Our study has limitations. Data limitations allowed for only rough performance estimates for unique models. Because of the limited amount of seasons on which this model was tested, it is possible that large changes in sensitivity and specificity could be a reflection of limited data rather than actual model performance. The question of which model to implement in practical applications remains unanswered, and will depend upon refined performance estimates as data availability increases or the desire to select models with increased sensitivity or specificity to meet the operational needs of the hospital. Finally, we acknowledge that serious outbreaks from other viral pathogens can interfere with the RSV outbreaks making the prediction of a weather based model less reliable. Despite these limitations, the results validate our decision to use different models for high and low peak seasons and are consistent with the existing models to explain high and low peak seasons based on the size of the susceptible population. To address the limitations we identified, we will evaluate prediction models prospectively in the Salt Lake County region for the next five years.
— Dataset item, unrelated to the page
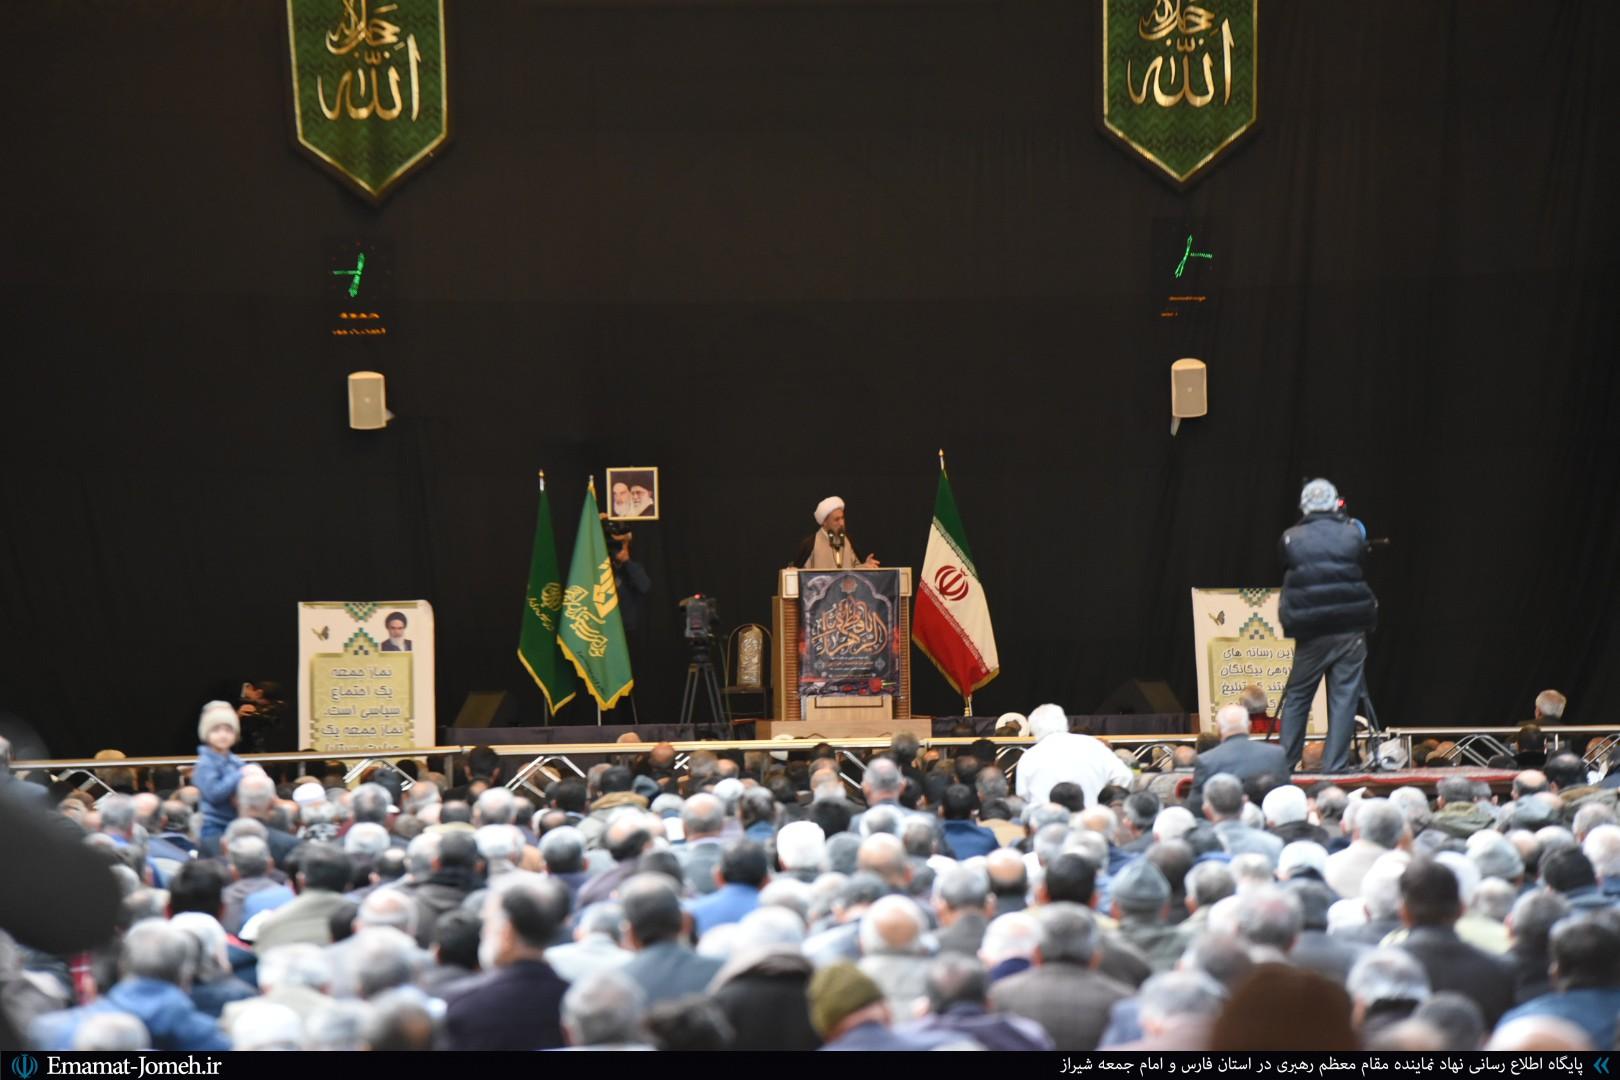 گزارش تصویری/ نماز جمعه ۴ بهمن ماه ۹۸ شیراز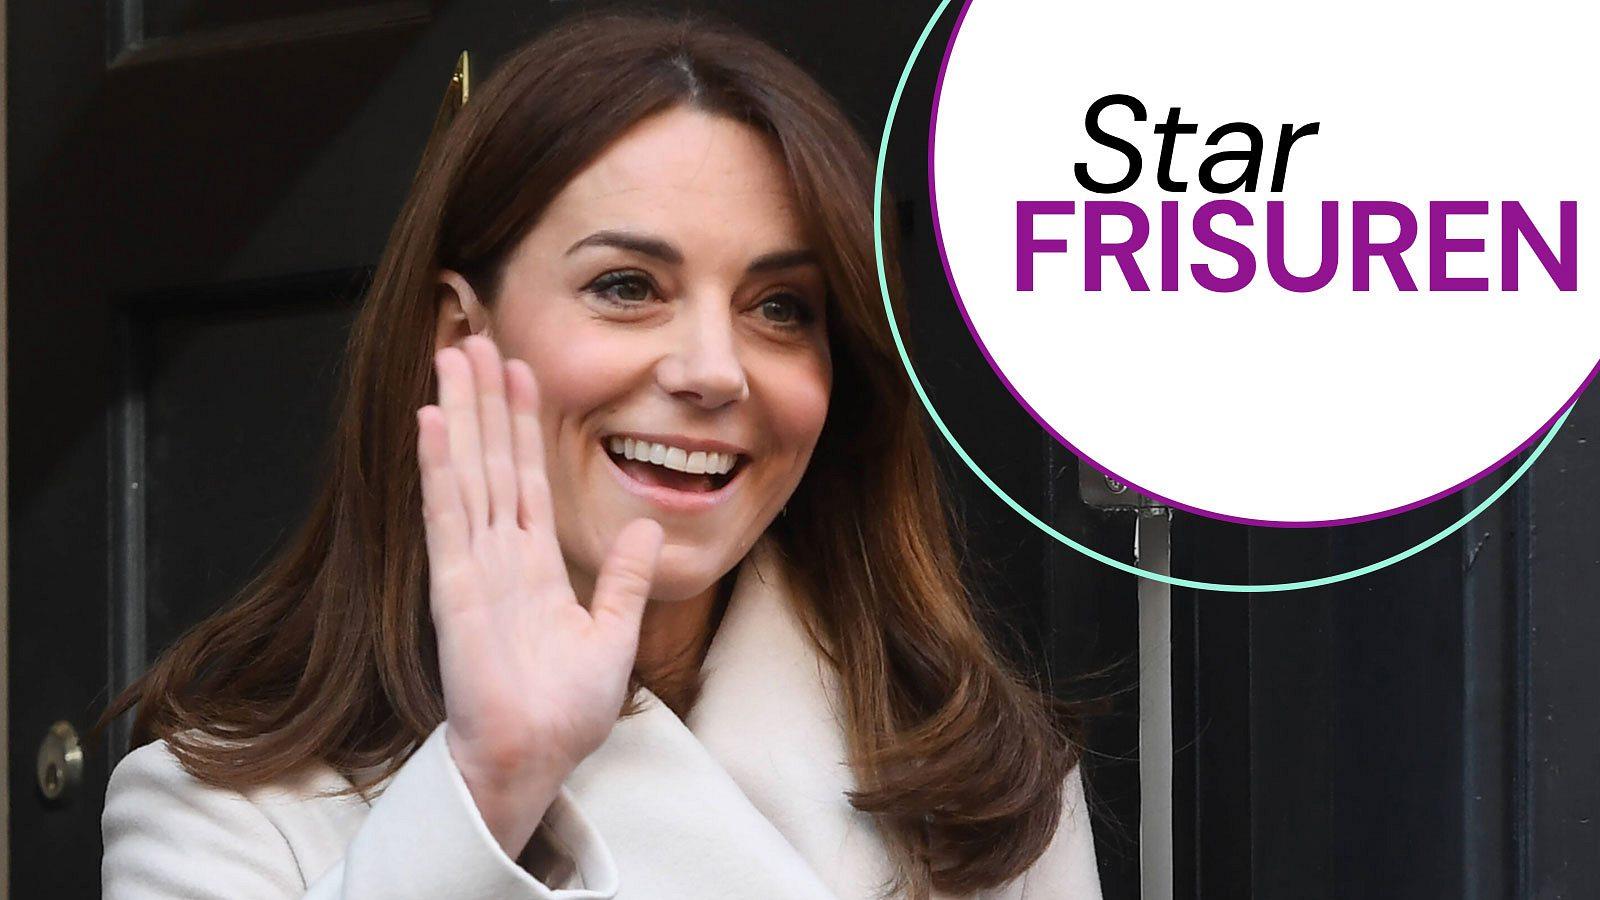 Herzogin Kate: Haar-Hammer! Sie zeigt ihre neue Frisur!

Use of the results presented here in other geographic locations would require NB training with local weather data to account for the changing characteristics of RSV outbreaks in different regions with different climates and varying geographic features. However, it is likely that the same climate variables and methods could be used to build a predictive model in other locations, particularly if they have similar climates and geography to the Salt Lake County area.

Conclusion

Weather-related measurements available in real time have the potential to predict RSV outbreaks. Our results are consistent with previous studies that indicated low peak and high peak outbreak seasons have different population dynamics, which most likely would lead to a lag between stimulus and event for low peak outbreak seasons. In our study, it appears that weather conditions that lead to outbreaks may be conditions that also lead to the establishment of a temperature inversion in the Salt Lake Valley, which in turn creates a condition of more polluted air known to impact respiratory health. In the future, NB prediction models should include pollution measurements as inputs, and validation should be performed prospectively.